Literature DB >> 28956539

Appropriateness of antibiotic prescription for targeted therapy of infections caused by multidrug-resistant bacteria: assessment of the most common improper uses in a tertiary hospital in southern Italy.

Giulio Viceconte1, Alberto Enrico Maraolo1, Vita Dora Iula2, Maria Rosaria Catania2, Grazia Tosone1, Raffaele Orlando1.   

Abstract

A huge proportion of antibiotic therapies for infections caused by multidrug-resistant bacteria (MDR) are inappropriate. In this study, we described the most common causes of inappropriateness of definitive antibiotic regimes in a large university hospital in southern Italy and we evaluated the impact on microbial eradication, length of stay, 30-day readmission and mortality.
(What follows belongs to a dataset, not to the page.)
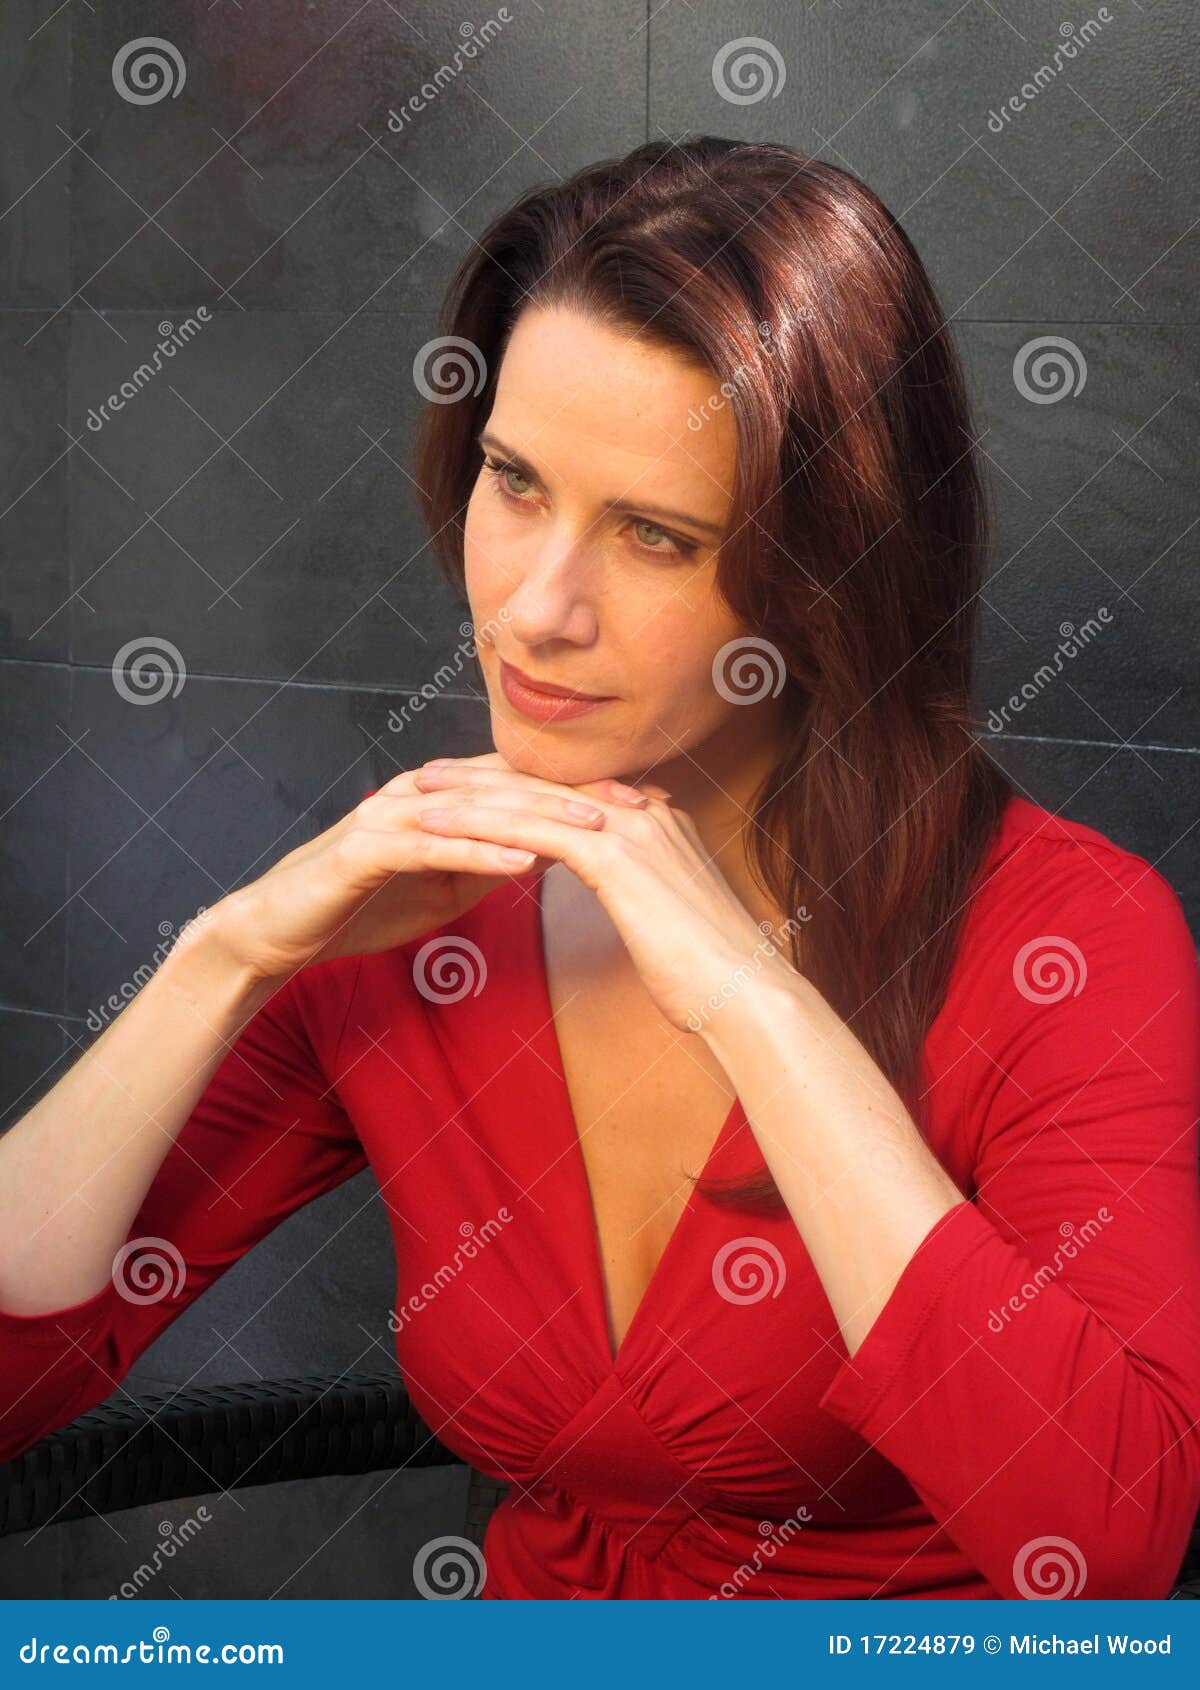 woman intently listening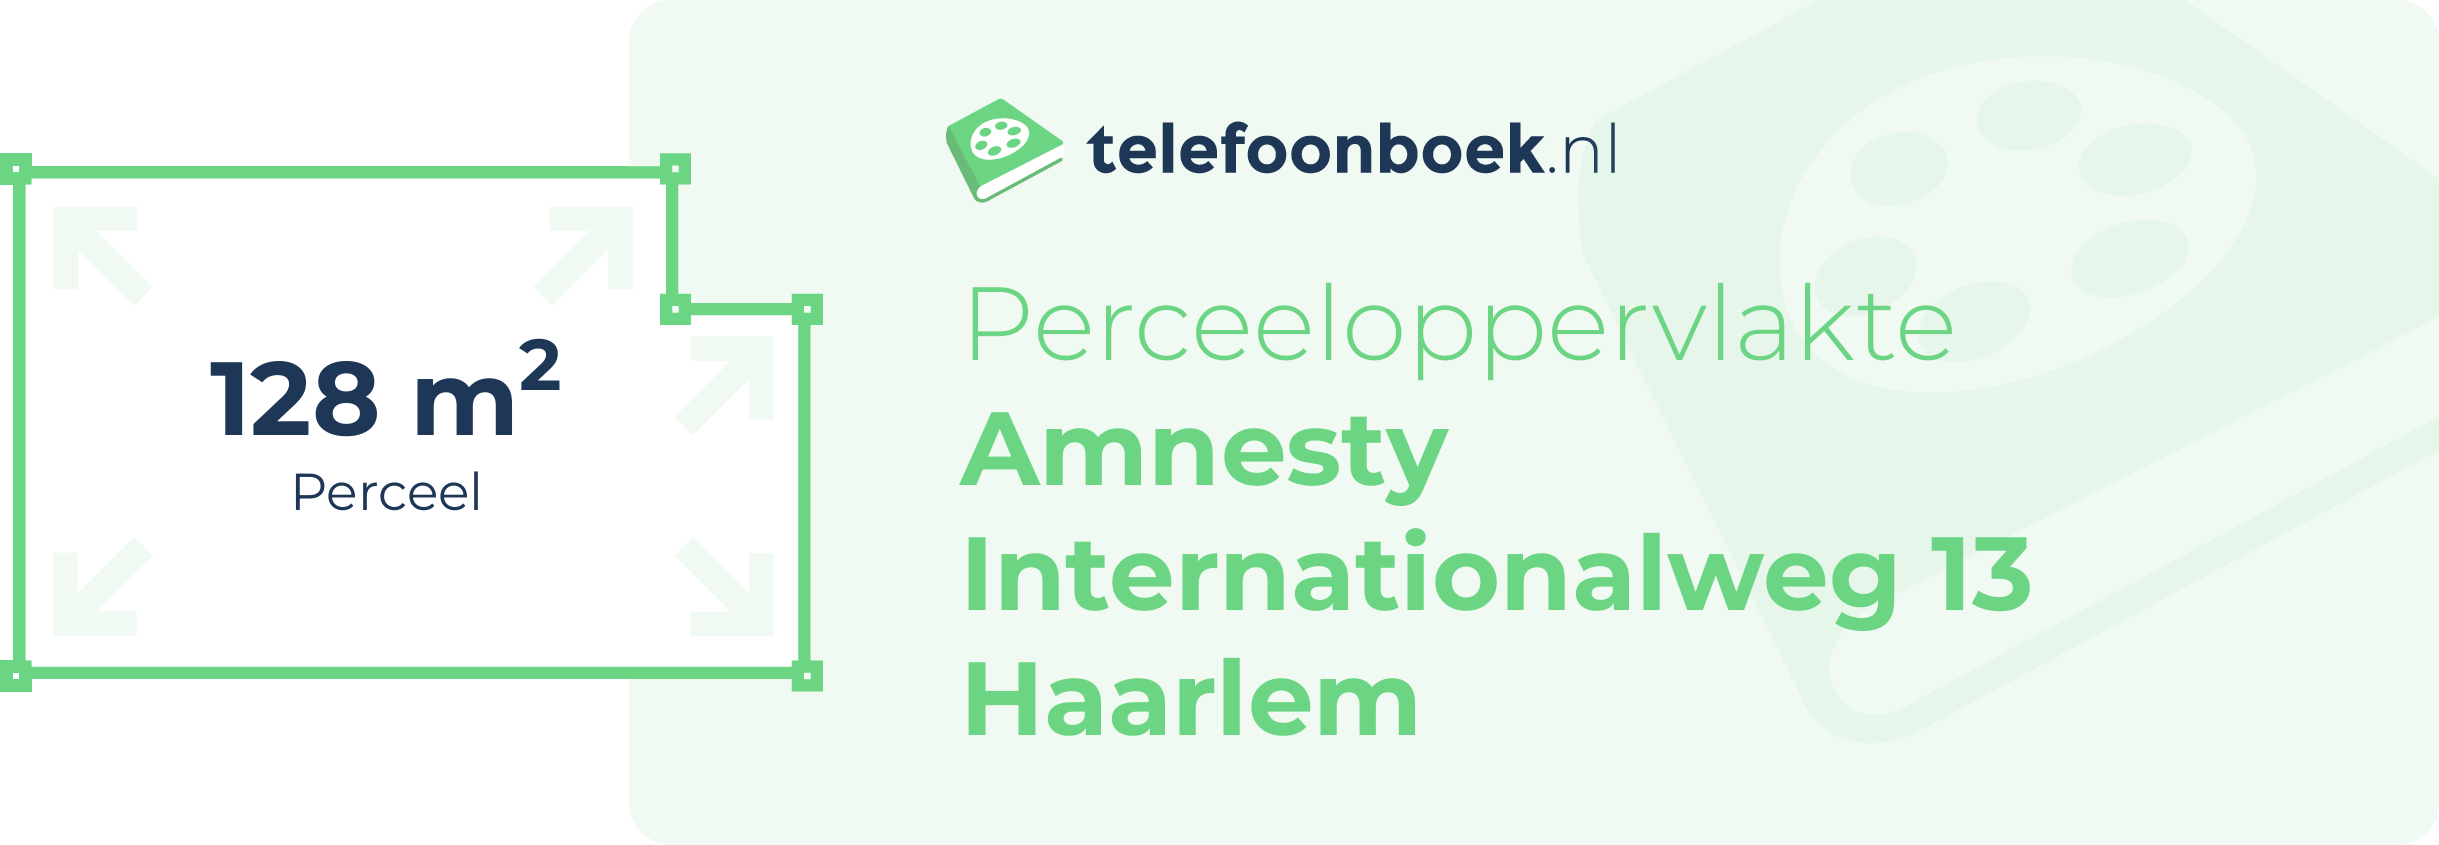 Perceeloppervlakte Amnesty Internationalweg 13 Haarlem

We retrospectively assessed 45 patients who received a definitive antibiotic therapy after isolation of multidrug-resistant Staphylococcus aureus, Enterococcus spp., Enterobacteriaceae, Pseudomonas aeruginosa and Acinetobacter spp. strains between 2014 and 2015. From the literature, we set a series of criteria to retrospectively determine the appropriateness of the therapy. In all, 61% of the prescribed antibiotic regimes were found to be inappropriate, especially due to incorrect drug dosage. It emerged that meropenem was the antibiotic most frequently inappropriately used. In 46% of infections caused by MDR but not extended-spectrum β-lactamase-producing Enterobacteriaceae, carbapenems were inappropriately administered. Microbial eradication was achieved in 87% of the appropriate therapy group compared to 31% of the inappropriate therapy group (chi-square=6.750, p<0.027). No statistically significant association was found between inappropriate therapy and the length of stay (chi-square=3.084, p=0.101) and 30-day readmission (p=0.103). Definitive antibiotic therapy in infections caused by multidrug-resistant bacteria in a large university hospital is often inappropriate, especially due to the drug dosing regimen, particularly in the case of meropenem and colistin. This inappropriateness has a significant impact on post-treatment microbial eradication in specimens collected after antibiotic therapy.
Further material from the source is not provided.